Villa Elisabeth is a small Corsican family house with a great view overlooking the Mediterranean sea and the island of Elba. But it’s also an artist’s house, inspired by its owner, the sculptor Marie-Pierre Germain-Fortini. When she’s not in the Italian town of Carrara, where she has a studio and creates figures in white marble inspired by sensuality, she’s working at Villa Elisabeth. Her sculptures are an invitation to tenderness, a travel into sensibility. Here, at Villa Elisabeth, wild nature and a delicate culture shape a quiet retreat.
Marie-Pierre Germain-Fortini, Villa Elisabeth is your family house, the place where you live with your books, objects from your ancestors, paintings, sculptures… Is not it too personal for your guests?
Marie-Pierre Germain-Fortini: “Not at all. It’s my house, and my guests respect this place like I do. I think they feel something and they move around here as they would in their own property. They go to the library to read a book, to the living room for a while to chat, and of course, to the pool for the view. Especially guests from BoutiqueHomes. They are well educated and interested in art and creativity, in history too…. They speak with me…

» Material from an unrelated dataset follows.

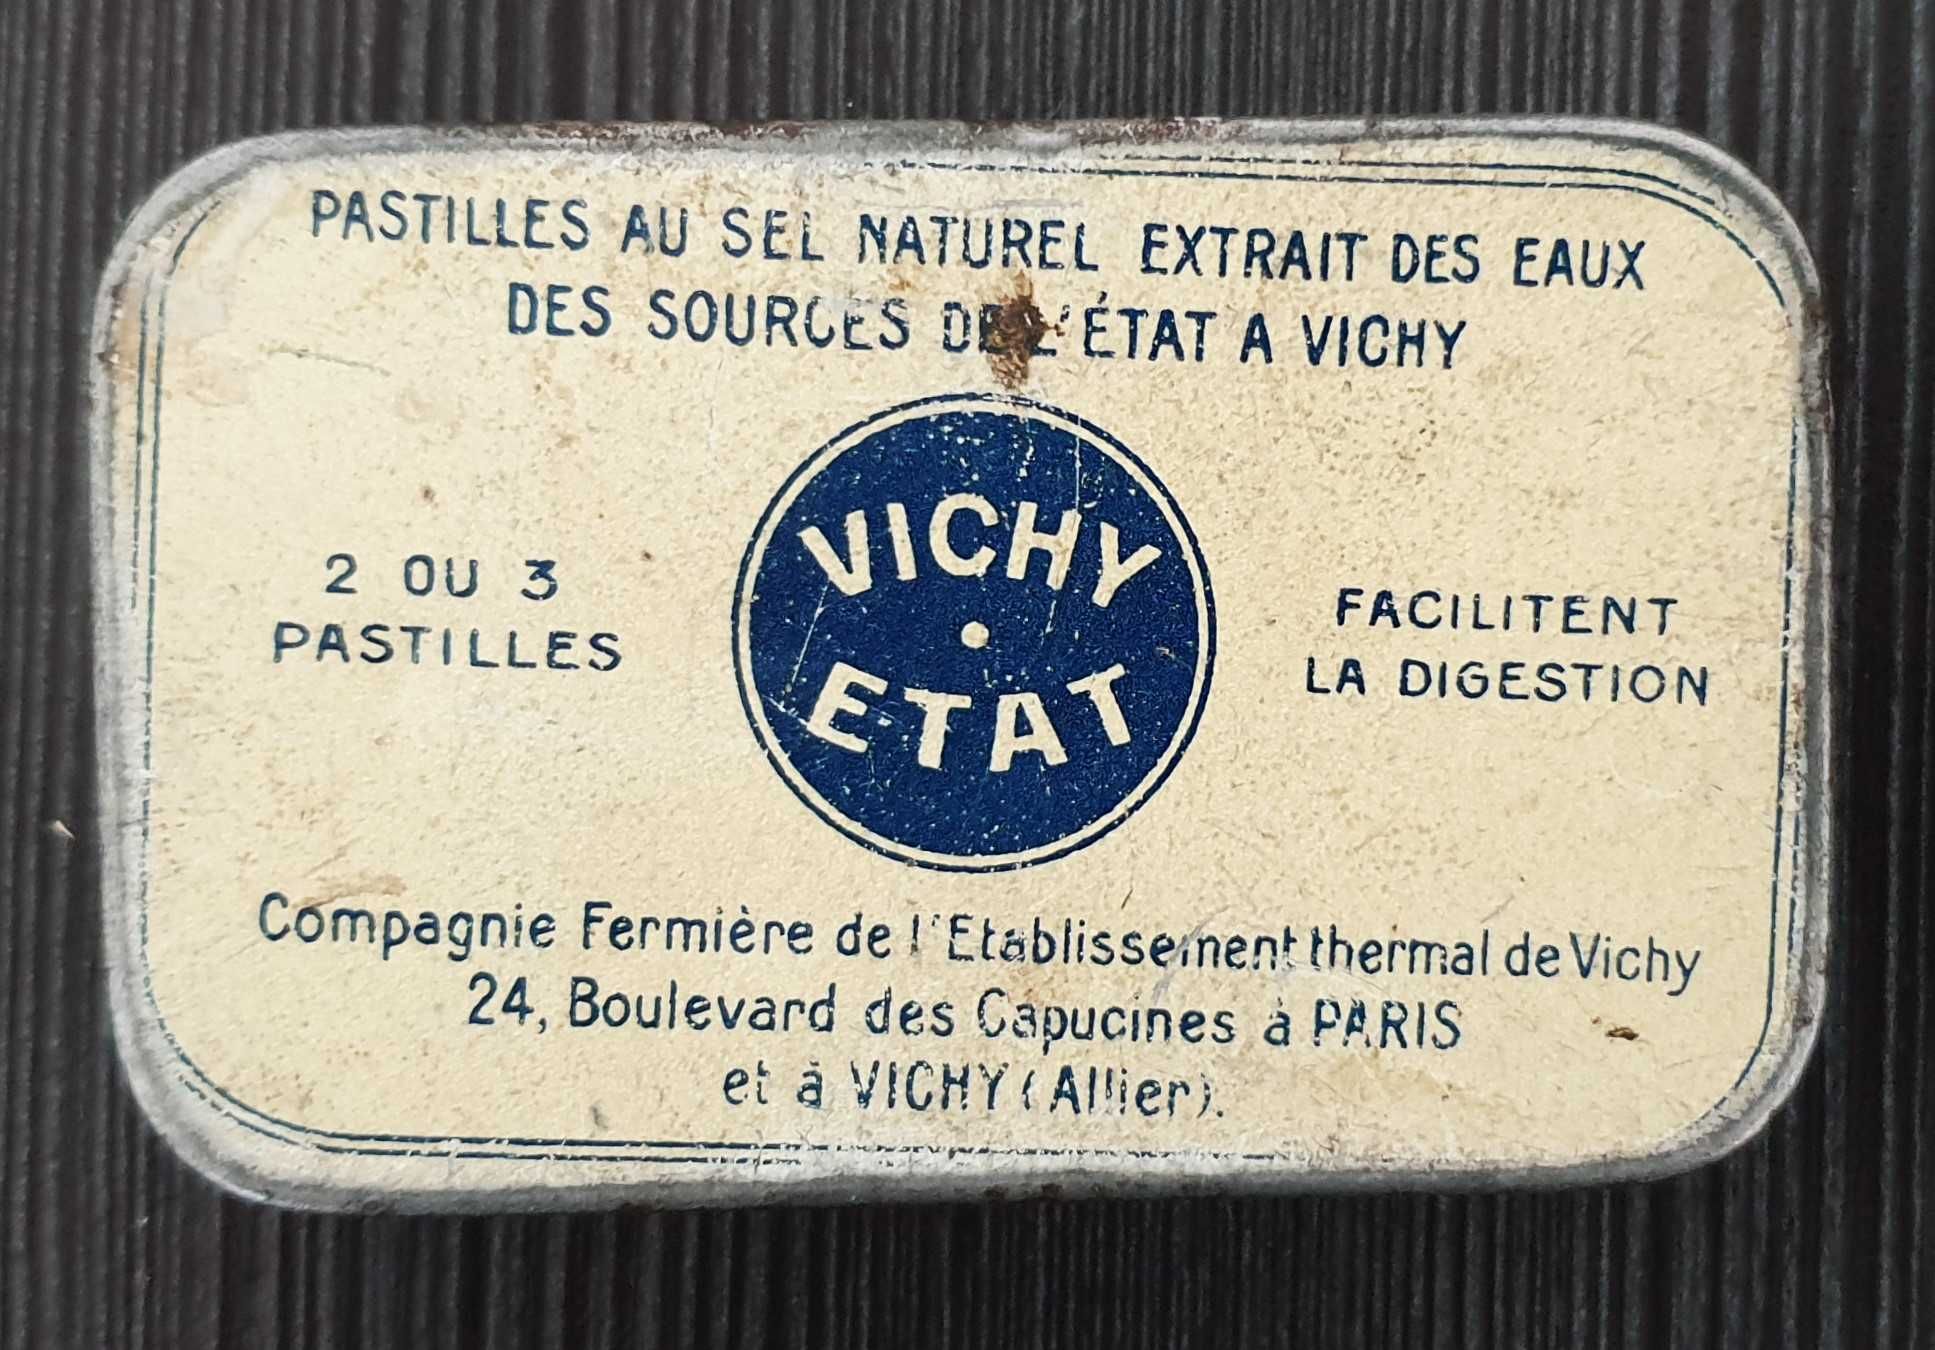 Metalowe opakowanie pastylek Vichy

“You know what? Guests from BoutiqueHomes are very easygoing. This why I receive them like I receive my friends and family. They immediately understand the way I live, and I think it’s due to the house.”
Can you explain?
MG: “You know, it’s not a very old house. It was my mother’s house from the Sixties, and the architecture is very functional, very simple. In fact Villa Elisabeth (which was my mother’s name) is a very simple building. There is nothing luxurious or exceptional here, except the view of course. I think guests feel this kind of simplicity and maybe they have more respect for a place like this one, than for a place which is much more ‘sophisticated’. You feel good in Villa Elisabeth because it could be your home or your mother’s place. So you respect it, of course.”

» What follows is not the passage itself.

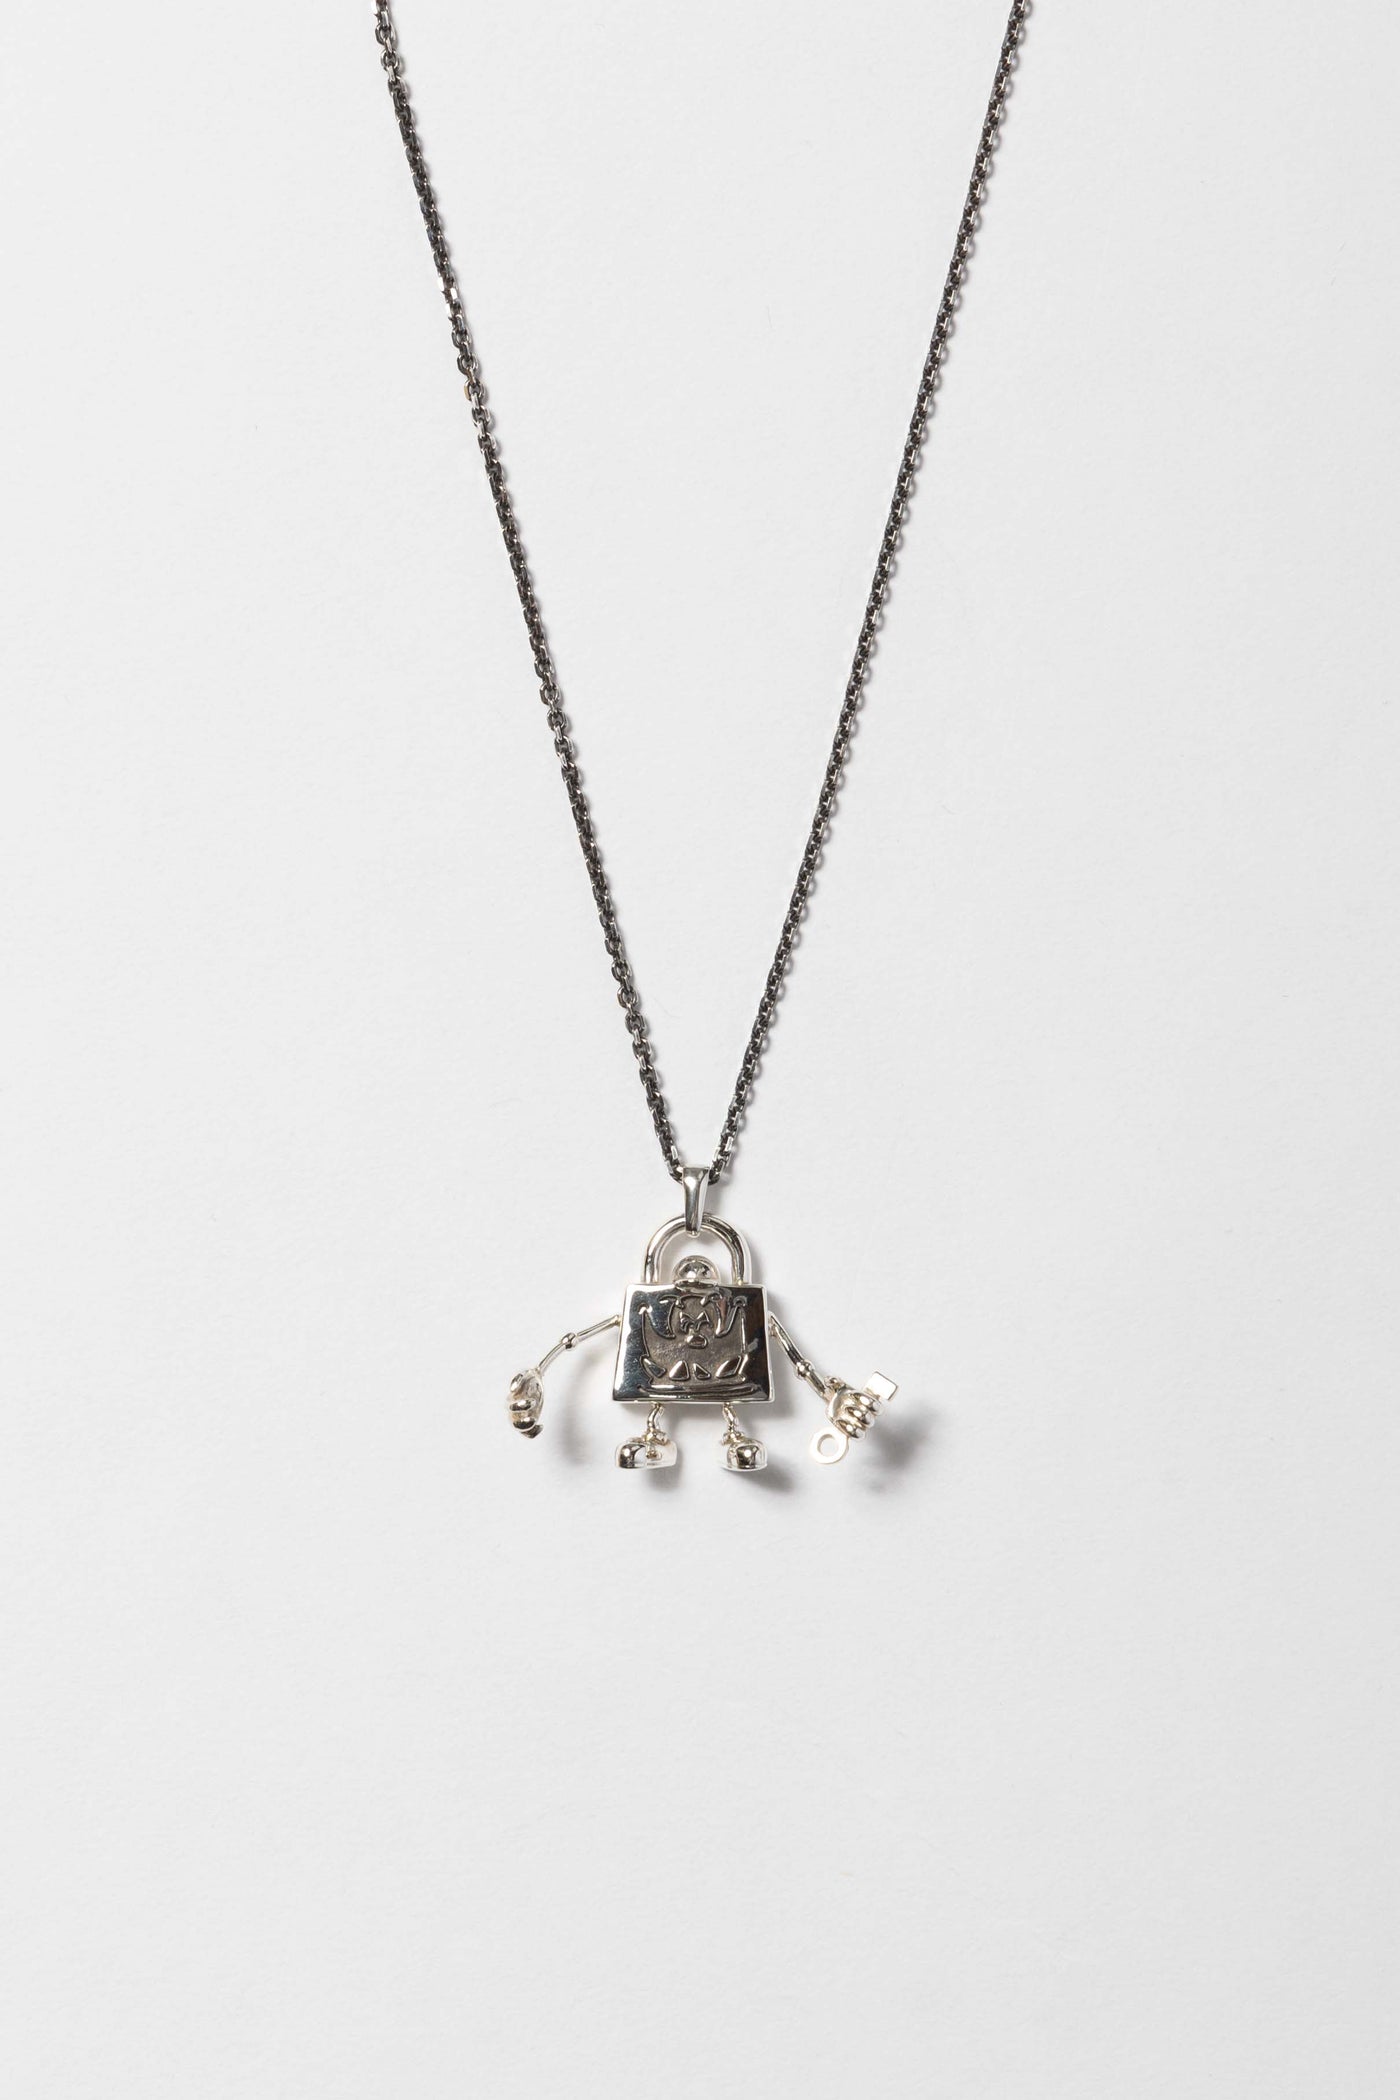 vaultroom DEVIL necklace - ネックレス

Villa Elisabeth is a house, but it’s land too, isn’t it?
MG: “Oh yes, of course. Wild land on the hill. Like the house, my garden has a kind of simplicity, a little wildness. I let trees grow, and I cut only few branches. Nothing more. It’s important to me to keep endemic plants and trees. I don’t garden ‘à la française’ or even ‘à l’italienne’. I need a nice terrace to see the view, green grass around the pool and quiet nature all around. This is why colors change with the passing of time here. Like the sea and the sky. The light is never the same and the same is true of my garden.”
What about your art, your sculptures?
MG: [Laughs] “Right now, everything is out for an exhibition. I can’t show you anything! But when I’m working in my studio, sometimes, one of my guests comes to see the way I work. Last time, people from U.S. bought a sculpture. I was pretty happy. It’s always an experience!”